Dampak sosial ekonomi dari Corona Virus Disease 2019 (COVID-19) yang dinyatakan oleh Organisasi Kesehatan Dunia (World Health Organization) sebagai pandemi ini di atensi serius oleh Tim Gugus Tugas Percepatan dan Penanganan Covid-19 Kabupaten Lombok Timur terutama ketersediaan pangan bagi masyarakat.
LOMBOK TIMUR, Corongrakyat.co.id.- Kondisi pangan di Lombok Timur (Lotim) saat ini masih dalam kondisi stabil, hal itu disampaikan Komandan Kodim 1615/Lotim, Letnan Kolonel Inf Agus Prihanto Donny, S.Sos., Jumat (01/05/2020).
Apalagi tambah Dandim, dengan Panen Raya yang telah dilakukan Kodim 1615/Lotim bersama para petani, ketersediaan pangan di Lotim masih aman.
Ia juga menyampaikan, melihat banyaknya stok pangan di Lotim saat panen raya yang telah dilakukan Kodim 1615/Lotim bersama para petani kemarin masih sekitar 7000 ton, itu membuat stok pangan di Lotim masih aman.
“Kita dari Kodim 1615/Lotim bersama Bulog dan instansi terkait lainnya melakukan pengawalan dan bersama-sama masyarakat menjaga hasil ini, jangan sampai tidak sesuai peruntukan dan amburadul cadanagan kita. Oleh karena itu, kami dari Kodim 1615/Lotim tetap melakukan pengawasan.” ujar mantan Danyonif 742/SWY tersebut.

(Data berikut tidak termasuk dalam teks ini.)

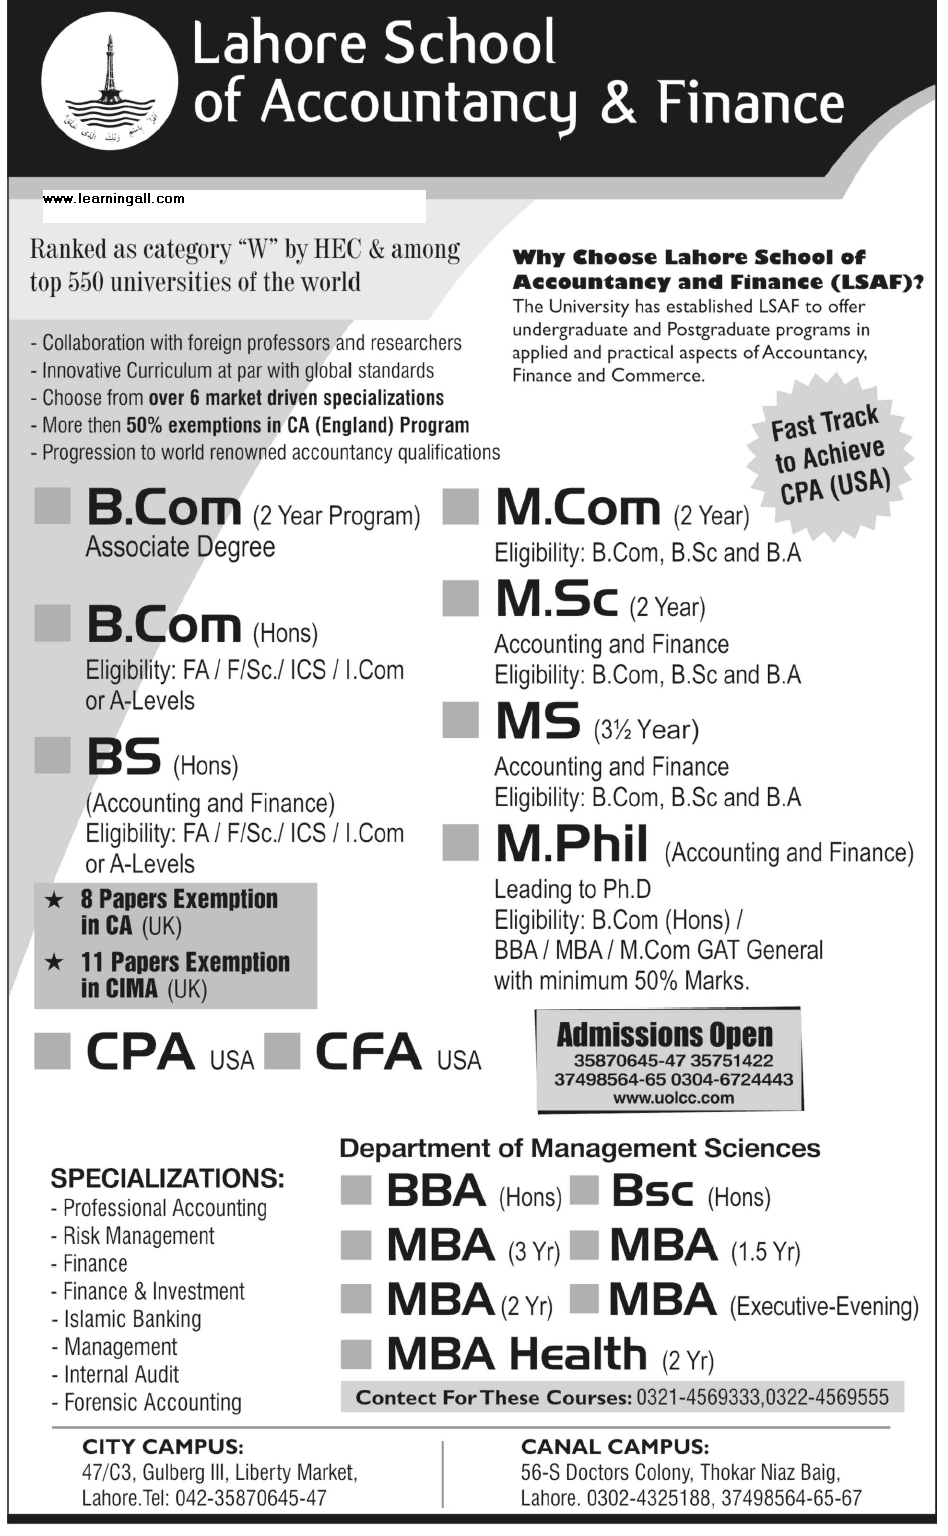 Lahore School of Accountancy & Finance Admissions
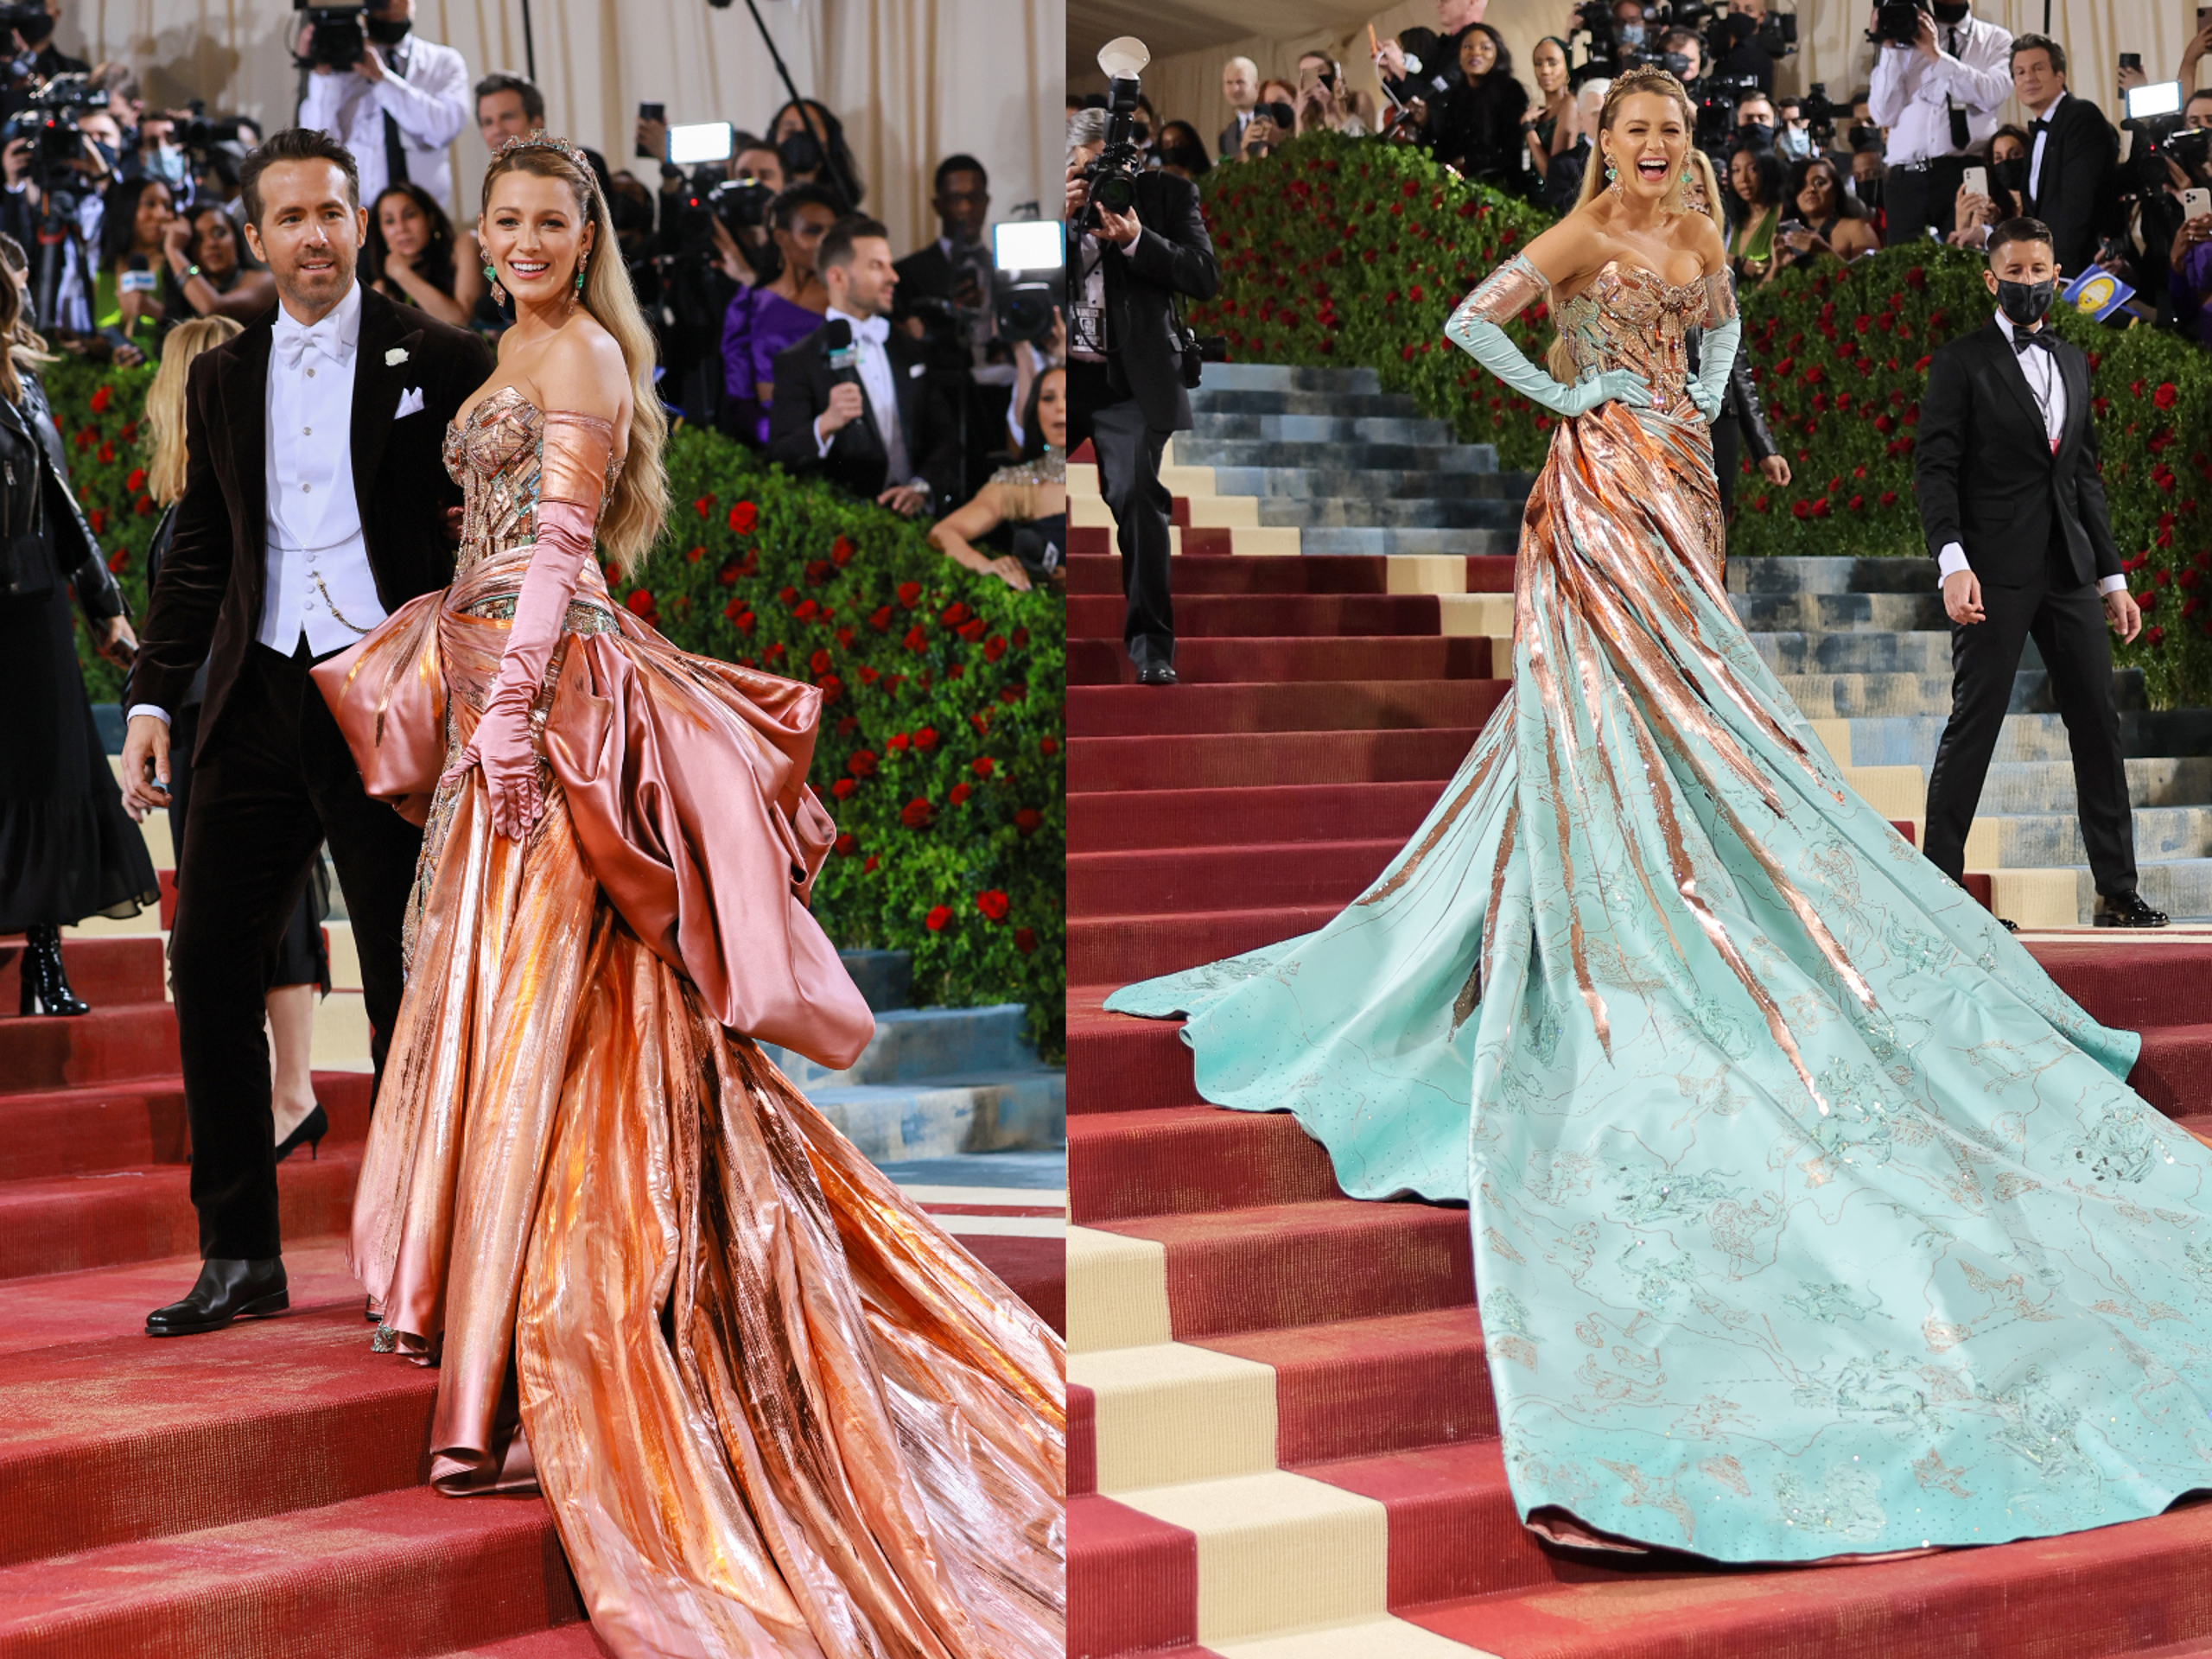 Blake Lively (pictured on the left with husband and fellow Met Gala co-chair Ryan Reynolds) stunned on the red carpet with a quick-change.

Selain itu, Kodim 1615/Lotim juga bekerja sama dengan Kepolisian berupaya untuk menahan aliran pangan tersebut agar jangan sampai keluar. Dandim 1615/Lotim ini meyakini pangan yang ada di Lotim tidak akan bisa keluar dimasa pandemi ini.
Seperti diketahui, penyebaran COVID-19 pada sebagian besar negara-negara di seluruh dunia, termasuk di Indonesia, menunjukkan peningkatan dari waktu ke waktu dan telah menimbulkan korban jiwa dan kerugian material yang semakin besar, sehingga berimplikasi pada aspek sosial, ekonomi, dan kesejahteraan masyarakat. (Red)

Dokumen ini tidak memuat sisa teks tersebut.